The first man ran his hand along the top edge and peered inside. “That makes it considerably less desirable.”


“The price reflects that.”


“Your price does seem reasonable…but I should like a few days to decide. It is not a small sum. Perhaps I could take a few photographs to help me—”


When the potential buyer lifted a small camera from his coat pocket the larger of the other two stepped forward and held up his hand.


“No.” He spoke a touch too firmly. Then he added, in a less menacing tone, “I’m sure you will understand that photograph- ing this piece is impossible. Under the circumstances.”


“Yes, I understand completely.” He slipped the camera back into his pocket. “As to the tomb where it was found. Where was it located?”


The two associates exchanged glances, as if to decide who would reply. The shorter one finally said, “I’m afraid we can only say that it was in Tuscany, in the area around Volterra.” He glanced again at his companion. “We are not told the exact location.”


The man pretended that the answer satisfied him. “Yes, of course.”
After a few more minutes of examination, the urn was covered with the cloth again and the three walked to the door. The buyer opened it and headed up the shadowed stairs toward the street. The larger man turned to his colleague and shook his head quickly. The other nodded agreement before following their visitor up the stairs. At the top, a metal door creaked open. The three stepped outside into a fog that almost obscured the building across the narrow alley. The short man pulled out a key and noisily closed the deadbolt on the door before turning to the client. Thirty meters away, where the alley began, cars crept slowly through the fog, their lights on but dimmed. The Milanese knew fog well and treated it with respect. The three walked in silence out to the street where they stopped.
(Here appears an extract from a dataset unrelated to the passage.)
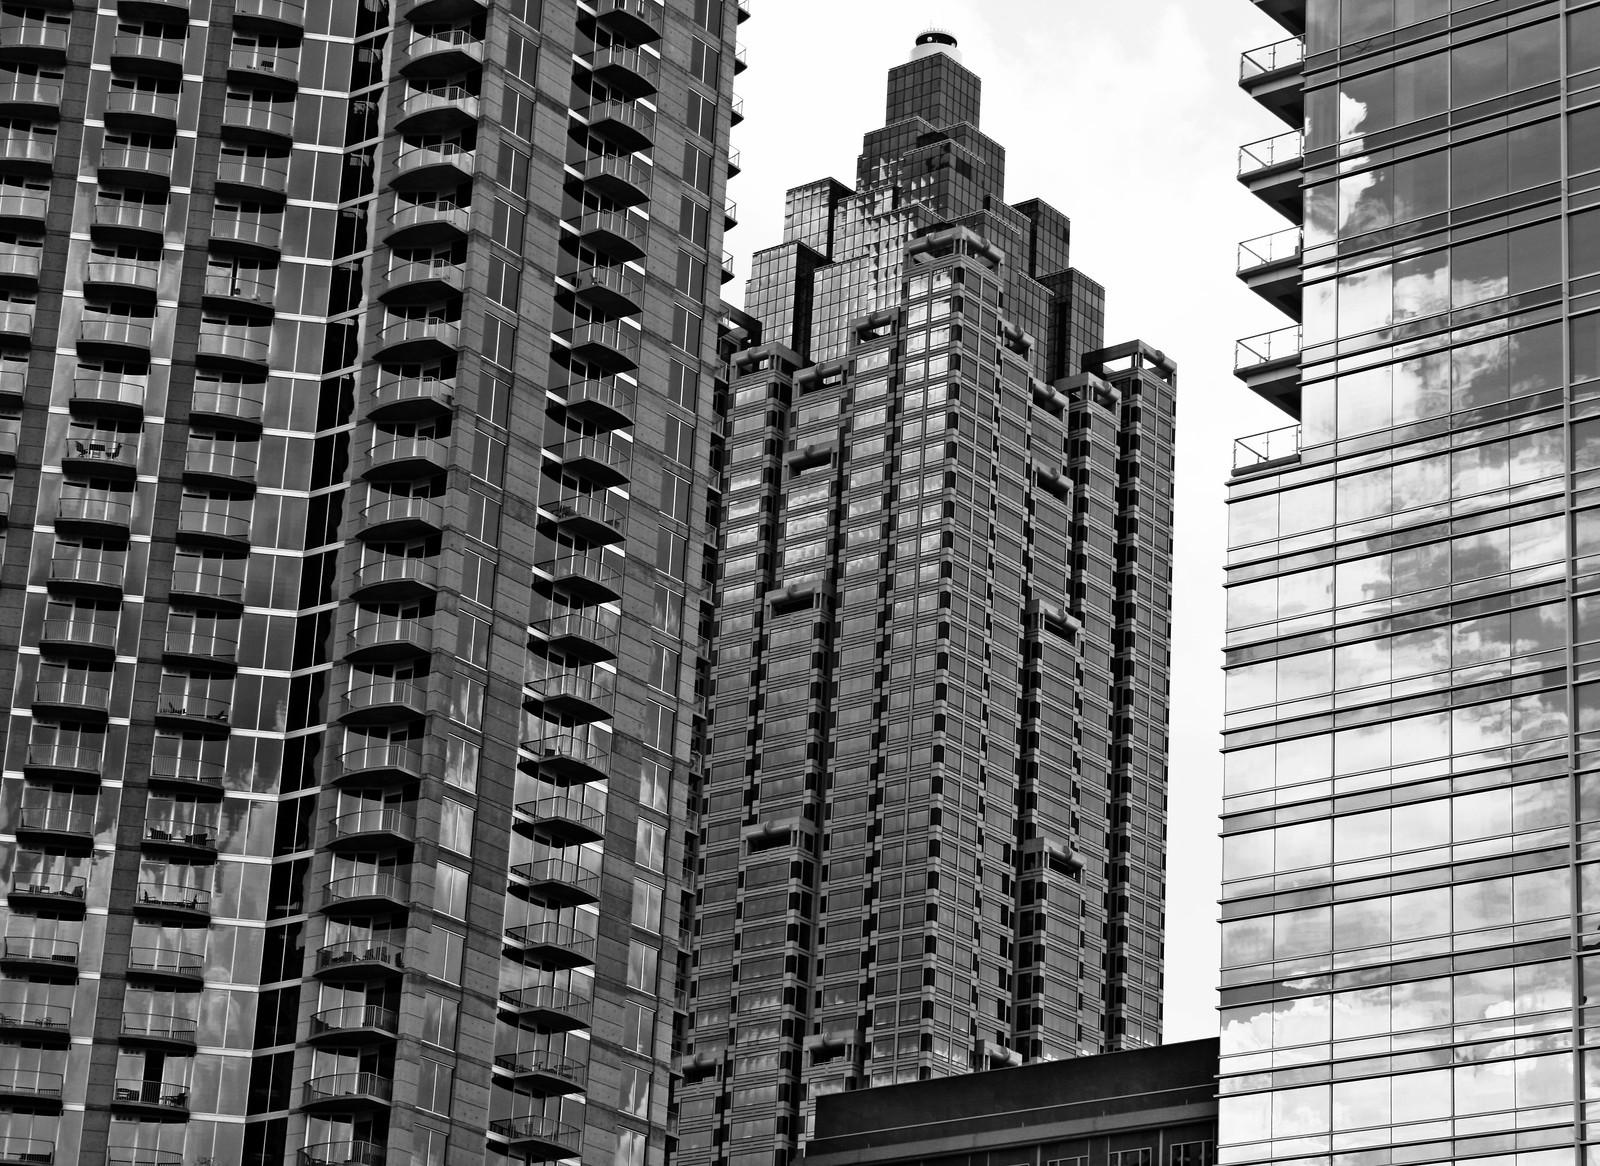 12 Centennial Park Hotel, Suntrust Building, W Hotel, Atlanta, June 2013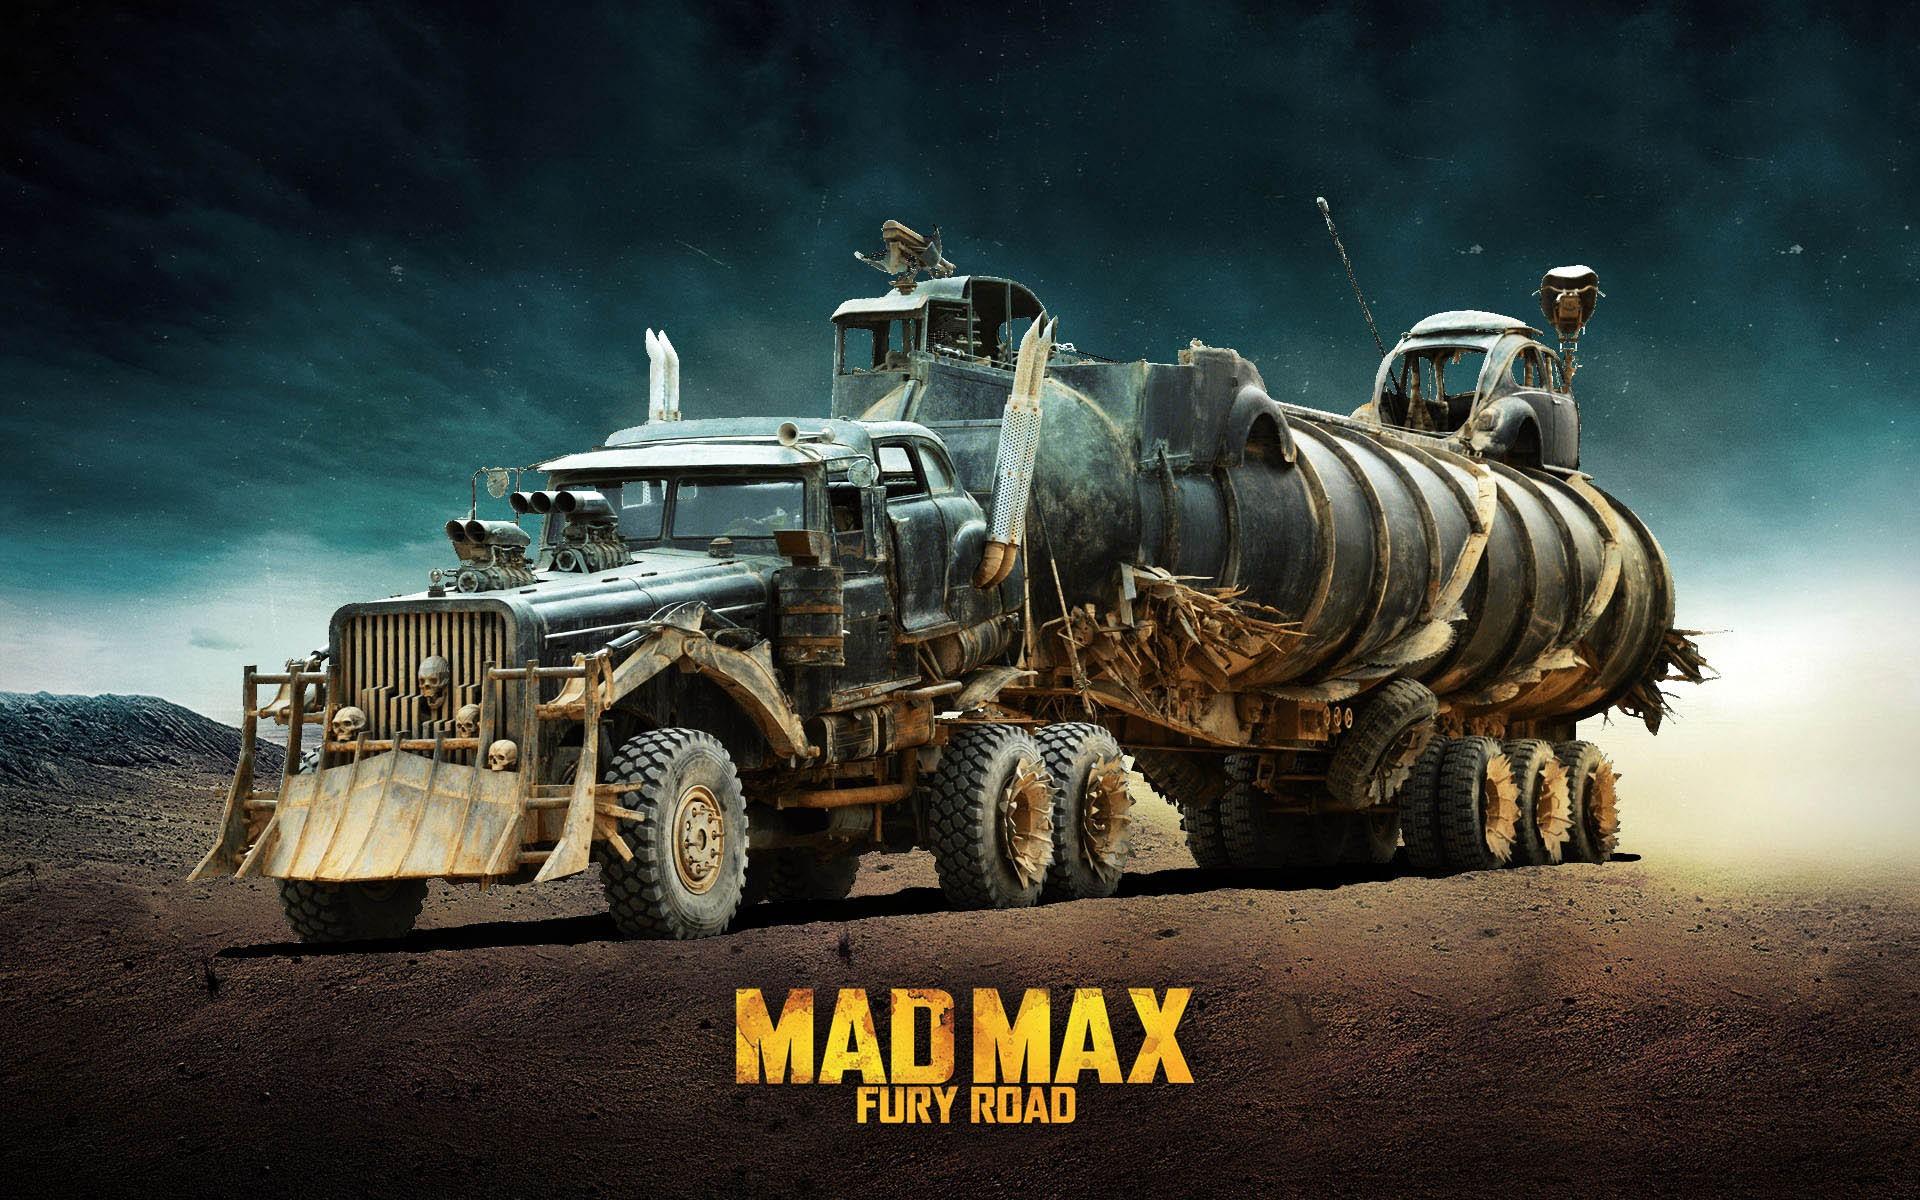 Mad Max Fury Road wallpaper ·① Download free beautiful ...

“I will be in contact by the end of the week. I know you need an answer.”


The two dealers smiled stiffly and nodded. No handshake was offered, so the buyer hurried off toward the center of town while a tram rumbled past him on its tracks, making the sidewalk vibrate under his feet. They watched him until one tapped the other on the arm and jerked his head back toward the passage. By the time the tram was passing the alley, the key was back in its metal door.